Most of the Wi-Fi devices used in public spaces are made by Cisco (CSCO)or Ruckus Wireles, (RKUS)and both companies say that hardware wasn't susceptible to the bug in security software.
The same thing goes for all Starbucks (SBUX)locations, as well as major airports like Denver International and Phoenix's Sky Harbor. None of them would specify what kind of equipment they use, citing security concerns. Las Vegas' McCarran International Airport said its wireless gear was vulnerable to the bug, but it updated its systems as soon as a fix was available.
Also safe: small businesses that use the same D-Link, Linksys and Netgear(NTGR) routers we use from home. None of those companies' Wi-Fi devices were affected either.
Because Ruckus provides the wireless routers for several hotel chains and shops, many of the following locations are safe too:
Le Pain Quotidien
Consumers can breathe a sigh of relief. But that doesn't mean they should dismiss Heartbleed entirely. Servers at work could still be affected. And many computer systems rely on older hardware that might never be patched. A weakness somewhere is essentially a weakness anywhere. That's why security experts say you'll have to stay on your guard for weeks and months to come.
Change passwords often. Don't visit strange websites. And whenever possible, use a Heartbleed checker to see if a website still vulnerable to the bug.

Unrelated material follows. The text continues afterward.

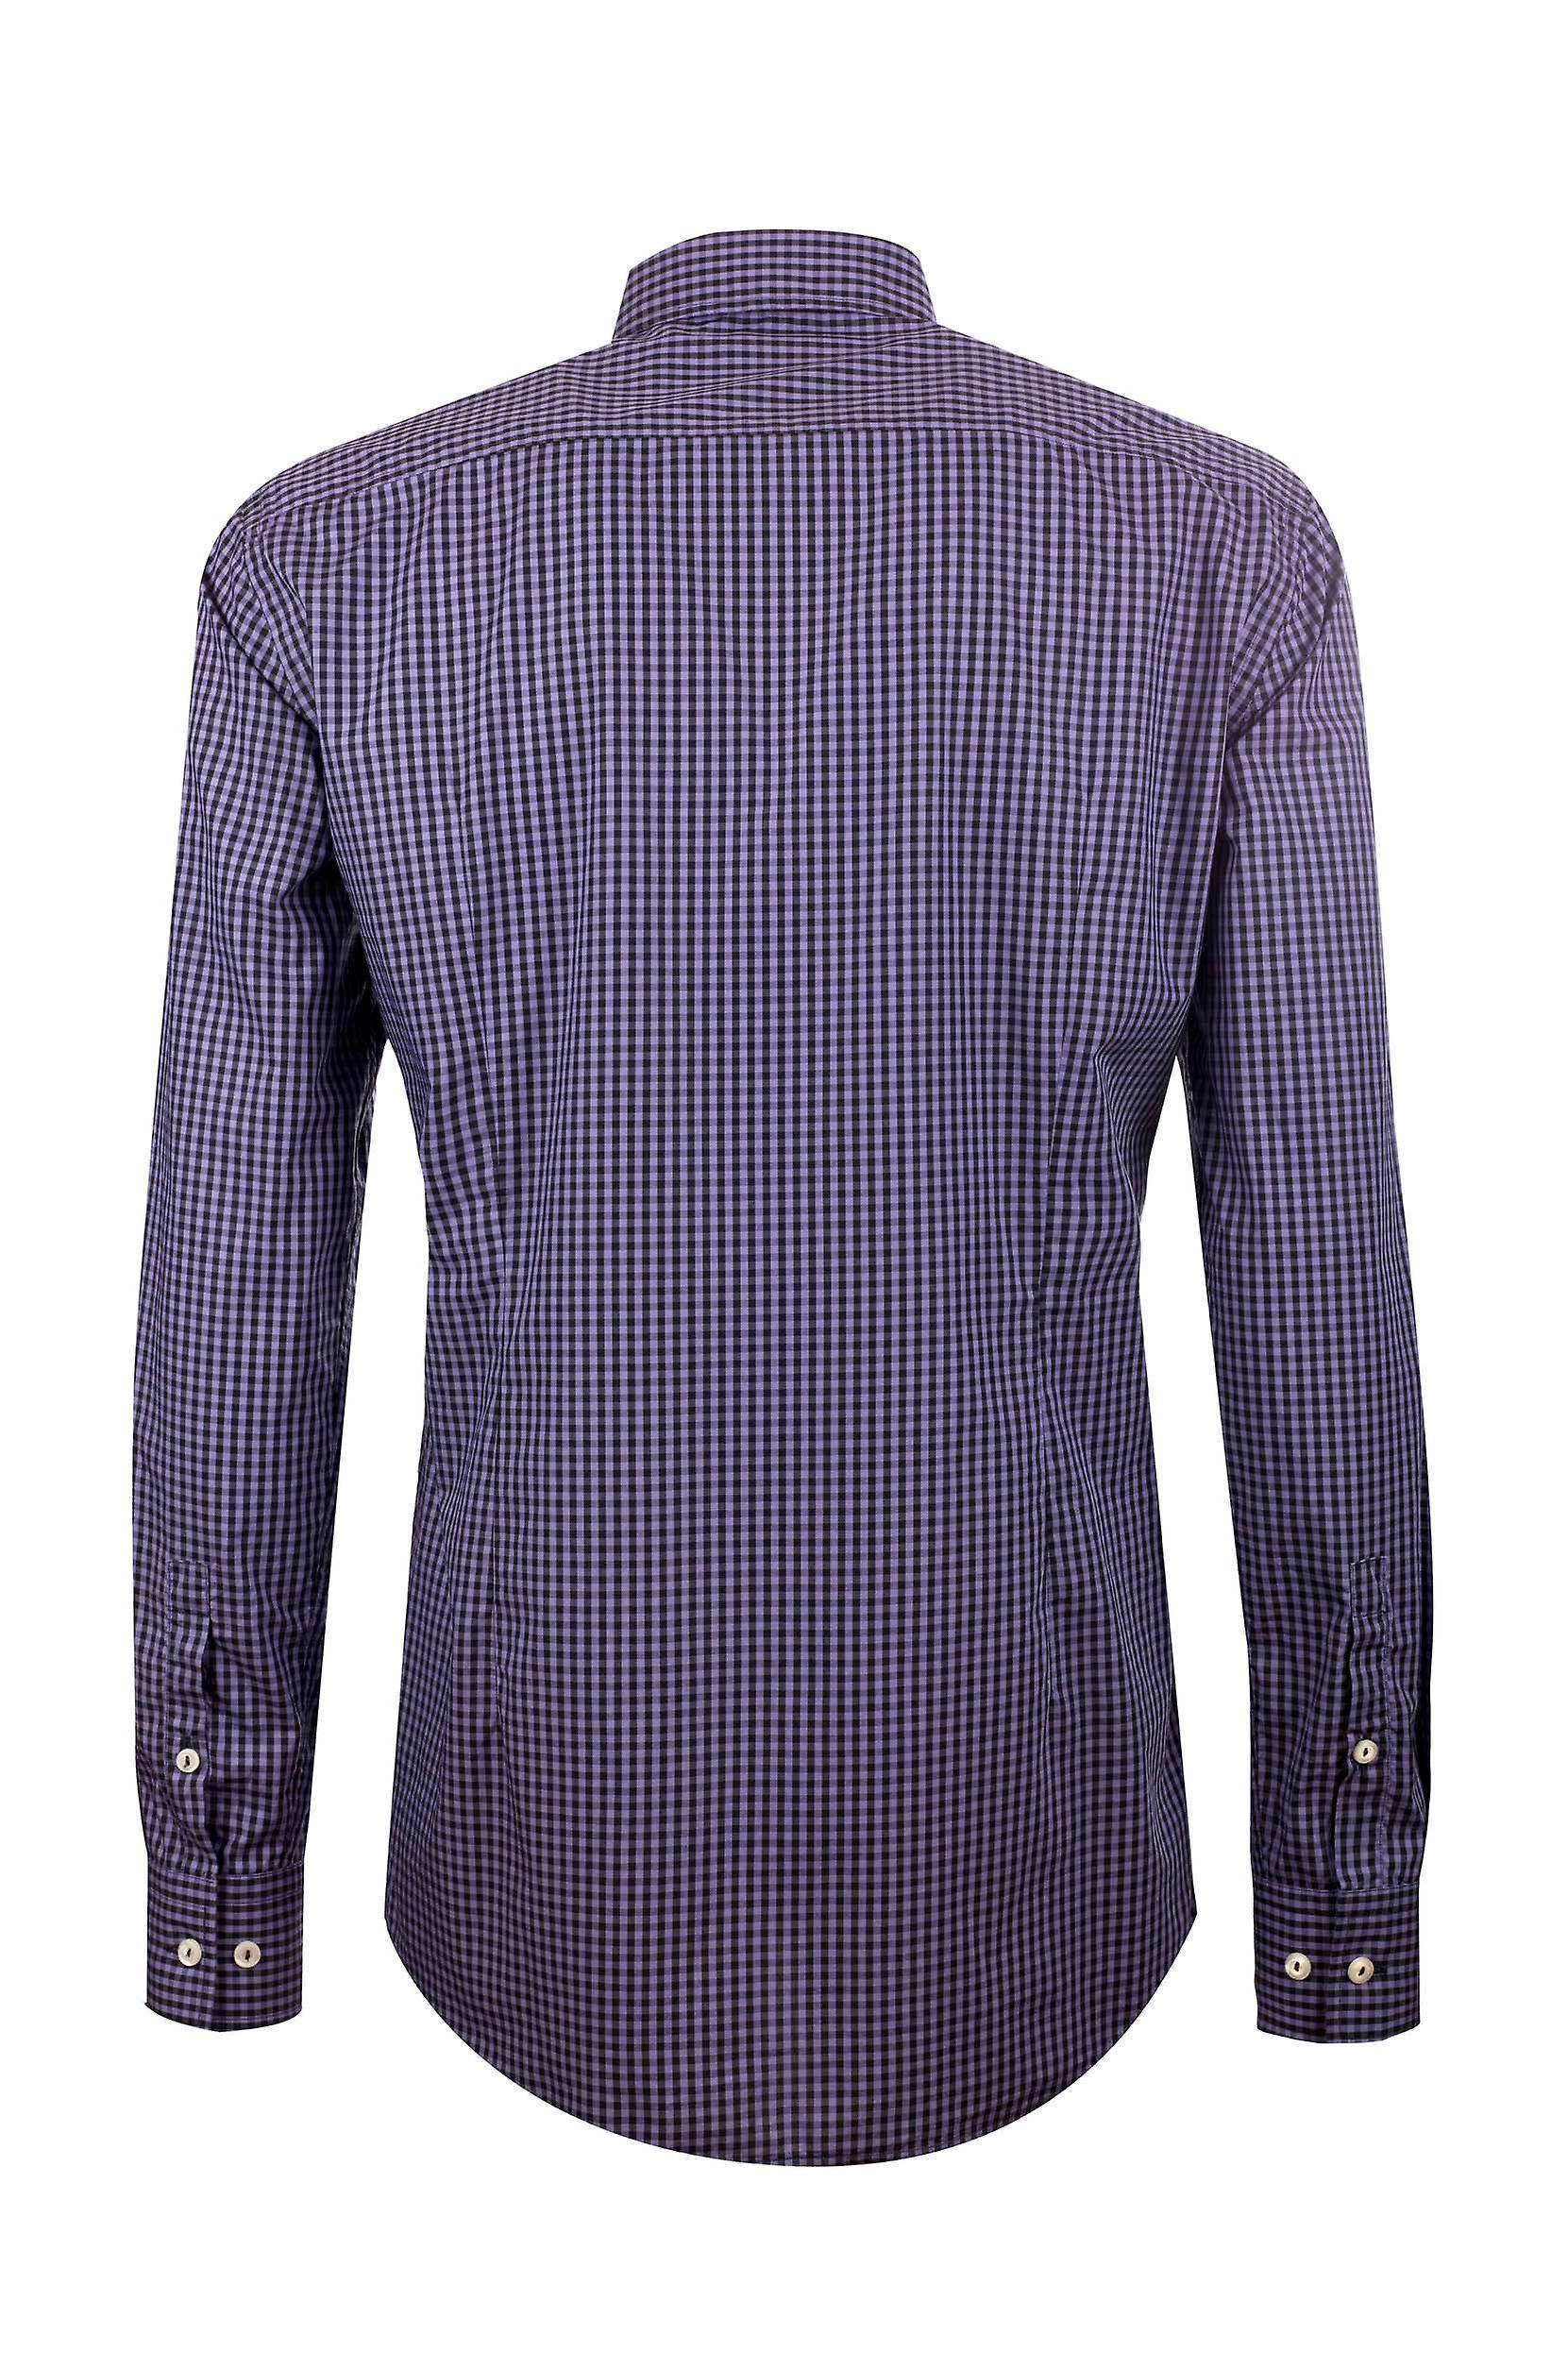 Fabio Giovanni Augusto Shirt - High Quality Italian Poplin Cotton Grey & Black Check Shirt

Still, it's a smart bet to assume your online communication isn't secure unless a website specifically states it patched its systems for Heartbleed. Just about everything you do online -- email, social media, banking -- is still at risk. The Heartbleed bug affects gadgets everywhere. Companies are still updating firmware for their devices. Two weeks ago, there were still 150 million vulnerable apps running on Android smartphones, according to cybersecurity provider FireEye.